Google LLC today open-sourced TensorFlow Quantum, an extension to TensorFlow that enables developers to build artificial intelligence models for quantum computers.
Quantum computing is still in an early stage, but the technology is maturing rapidly. IBM Corp. is doubling the processing power of its quantum chips every year, while Honeywell International Inc. recently unveiled a system that it expects to speed up by a factor of 100,000 in the next five years.

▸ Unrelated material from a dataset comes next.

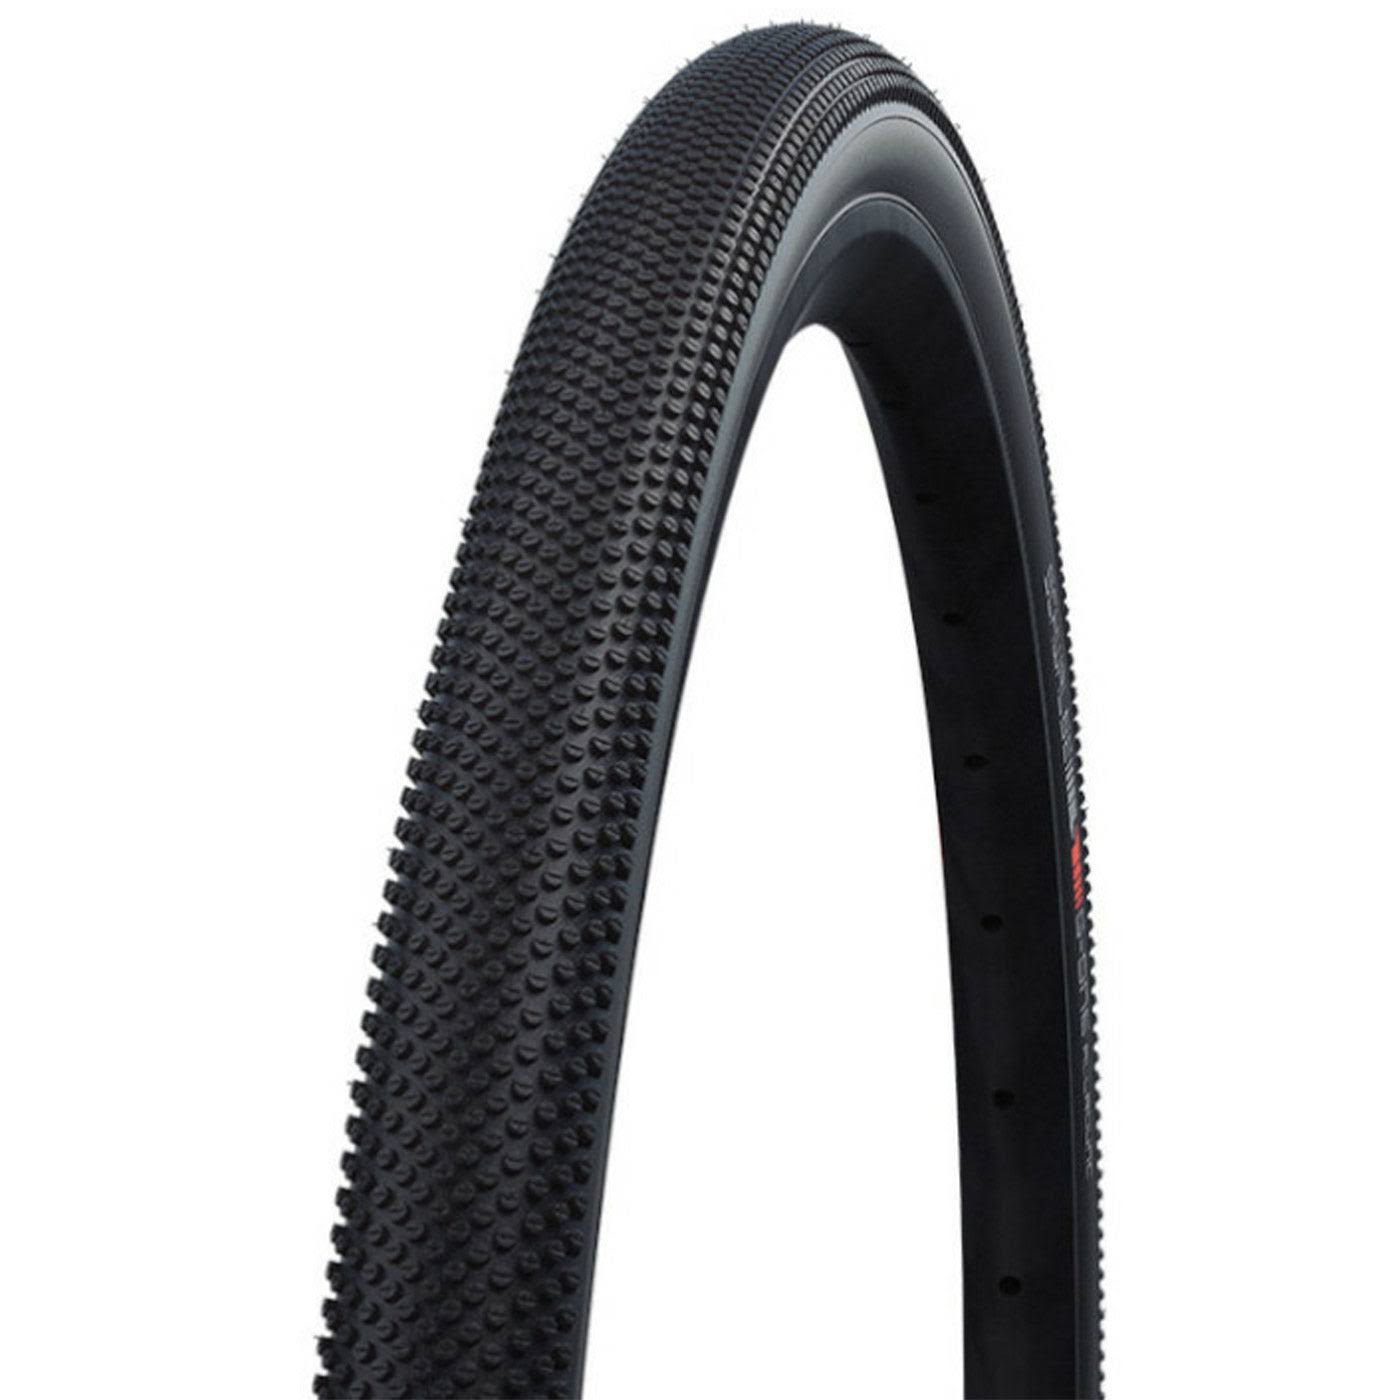 Schwalbe G-One Allround 700c Tubeless Easy

To take advantage of tomorrow’s ultrafast quantum machines, researchers will have to write specialized algorithms that can run on qubits, which unlike binary bits can be represented as 1s, 0s or both states at the same time, and they’ll need equally specialized development tools to help with the task.
That’s where TensorFlow Quantum comes into the picture. It provides a set of operators, low-level programming building blocks, for creating AI models that work with qubits, quantum logic gates and quantum circuits. These operators abstract away some of the underlying complexity to reduce the amount of code researchers need to write.
“TFQ allows researchers to construct quantum datasets, quantum models, and classical control parameters as tensors in a single computational graph,” Google researchers Alan Ho and Masoud Mohseni wrote in a blog post.
One potential application for TensorFlow Quantum is quantum data interpretation. Because a qubit can be set to both 1 and 0 at the same time, finding out the results of a computation carried out by a quantum processor is by itself a major challenge. According to Google’s Ho and Mohseni, TensorFlow Quantum could enable engineers to develop AI models that disentangle quantum data automatically.
“The TFQ library provides primitives for the development of models that disentangle and generalize correlations in quantum data, opening up opportunities to improve existing quantum algorithms or discover new quantum algorithms,” the researchers wrote.